Именно поэтому Паркинсон глотала экстази с одной-единой мыслью: «Я по тебе скучаю. Я пиздец как по тебе скучаю, грязнокровка, мне так плохо без тебя. Пожалуйста. Я без тебя умираю». Грейнджер не отзывалась.
— Все ещё страдаешь по своей грязнокровке? — спросил её однажды Долохов. Пэнси оторвалась от разглядывания жидкости на дне стакана и удивленно вскинула брови.

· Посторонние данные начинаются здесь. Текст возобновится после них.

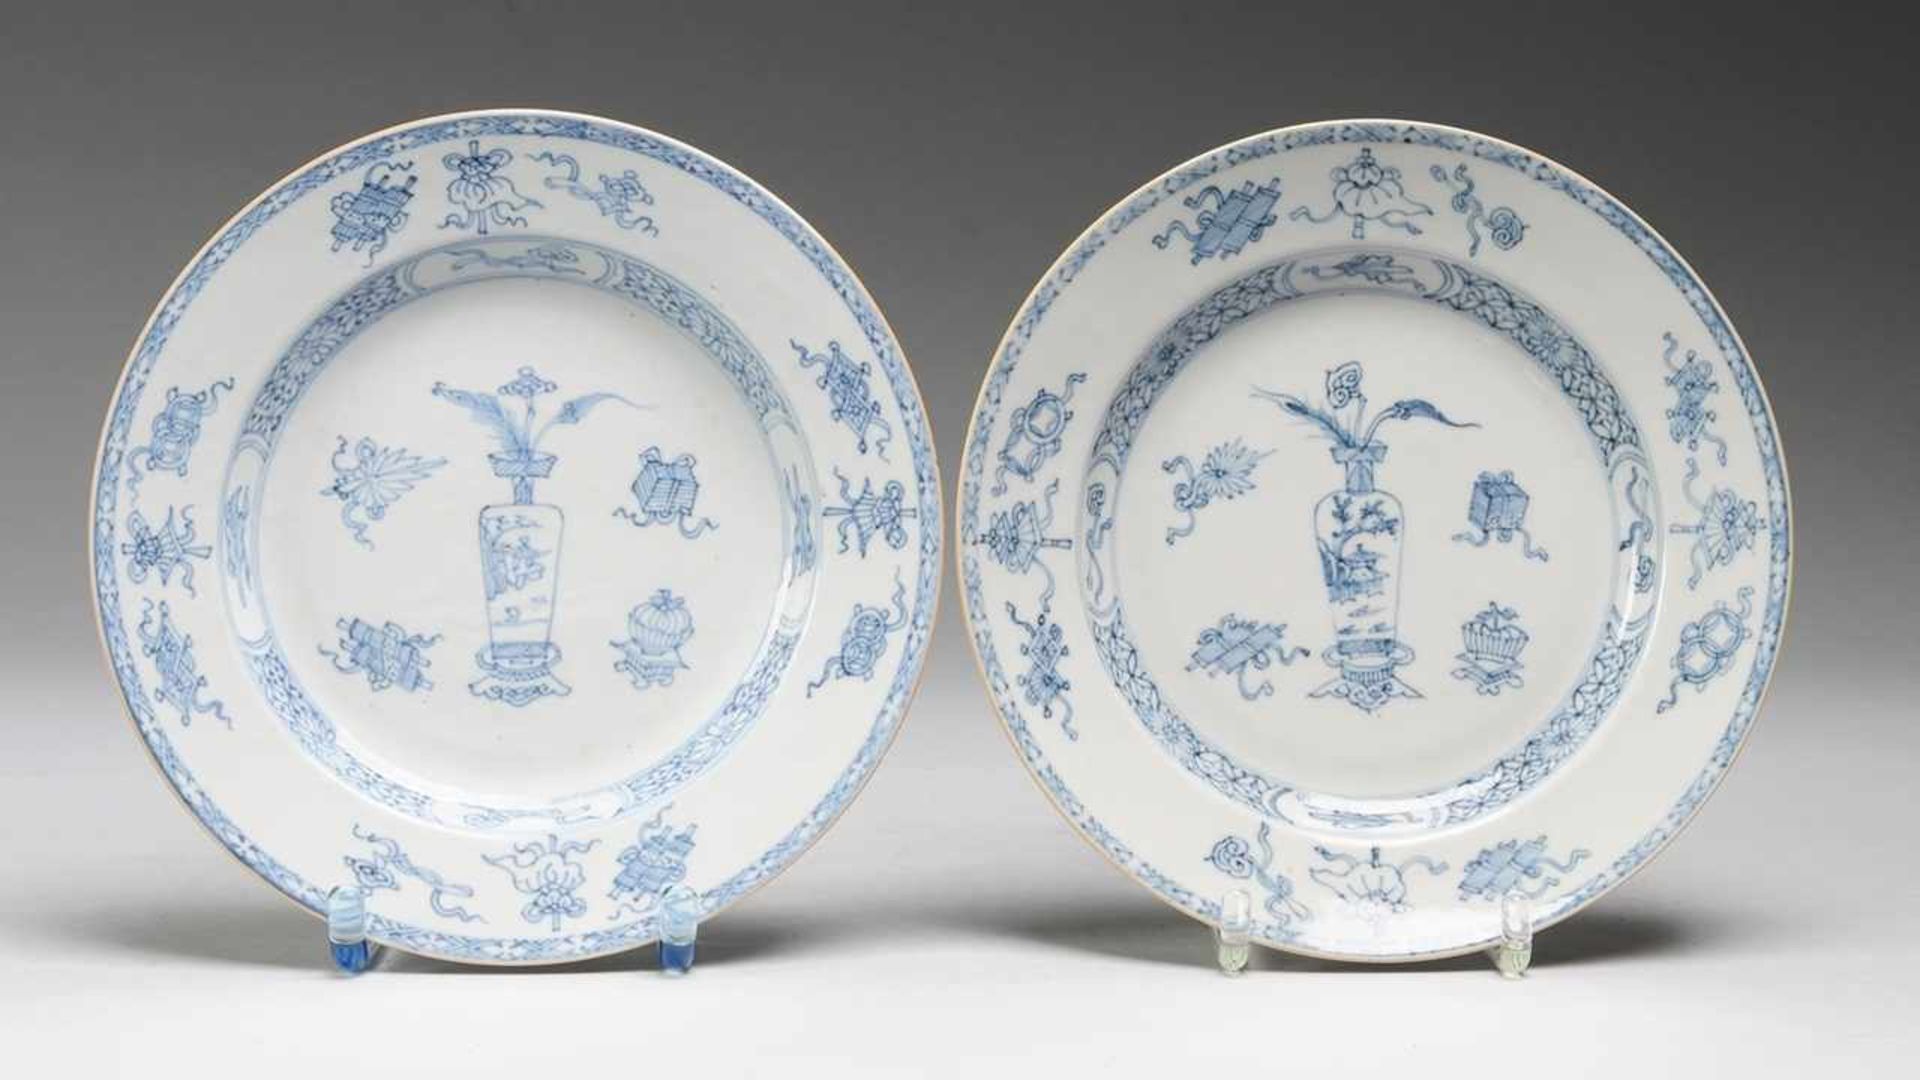 Paar Teller mit Blau-Weiß-DekorDünnwandiges Porzellan. Leicht gemuldete glattrandig Form. In

Она терпеть не могла с ним разговаривать, потому что ей хотелось огрызаться и дерзить, нарываться и делать всё, чтобы попасть под горячую руку, но делать этого было нельзя. Хотя запреты, которые она сама же и придумала, тоже очень-очень утомляли.
— Какое твое дело?
Он равнодушно пожал плечами и положил подбородок на сплетенные пальцы, глядя на неё с искренним интересом из-под полуопущенных век. Это показное умиротворение почему-то насторожило её куда сильнее, чем самая бешеная ярость. Его шепот пугал сильнее крика.
— Что ты задумал? — спросила Пэнси напряженно.
Долохов оскалился. Улыбкой эту гримасу было очень сложно назвать.
— Ничего особенного, золотце. Не ревнуй. Я ведь обещал не трогать твою грязнокровку пока ты хорошо себя ведешь, помнишь?
Пэнси осторожно кивнула, а в сердце ей словно вонзили ледяной шип. Она нутром чуяла, что Долохов ей лгал. И она не ошиблась.
Сначала он просто интересовался её именем, потом — внешностью, иногда пытался добиться возраста, места проживания или ещё чего-нибудь. Пэнси это нервировало и пугало гораздо сильнее, чем секс с ним — по крайней мере во время секса ей просто нужно было лежать на спине, пялиться в потолок и выть от боли, а не прятать от него самое сокровенное. Как Грейнджер стала тем самым сокровенным, за что Пэнси ради нее легла с мужчиной и позволила превратить себя в безотказную подстилку, понять она никак не могла. Просто р-раз — и мир замкнулся на чужом имени.
Прошило насквозь и целиком. Будто Грейнджер вырвала ей сердце и забрала себе, проглотила душу и навеки поселилась мягким нежным образом на периферии мозга, на грани реальности. Прекрасная и далекая настолько, что плакать хотелось.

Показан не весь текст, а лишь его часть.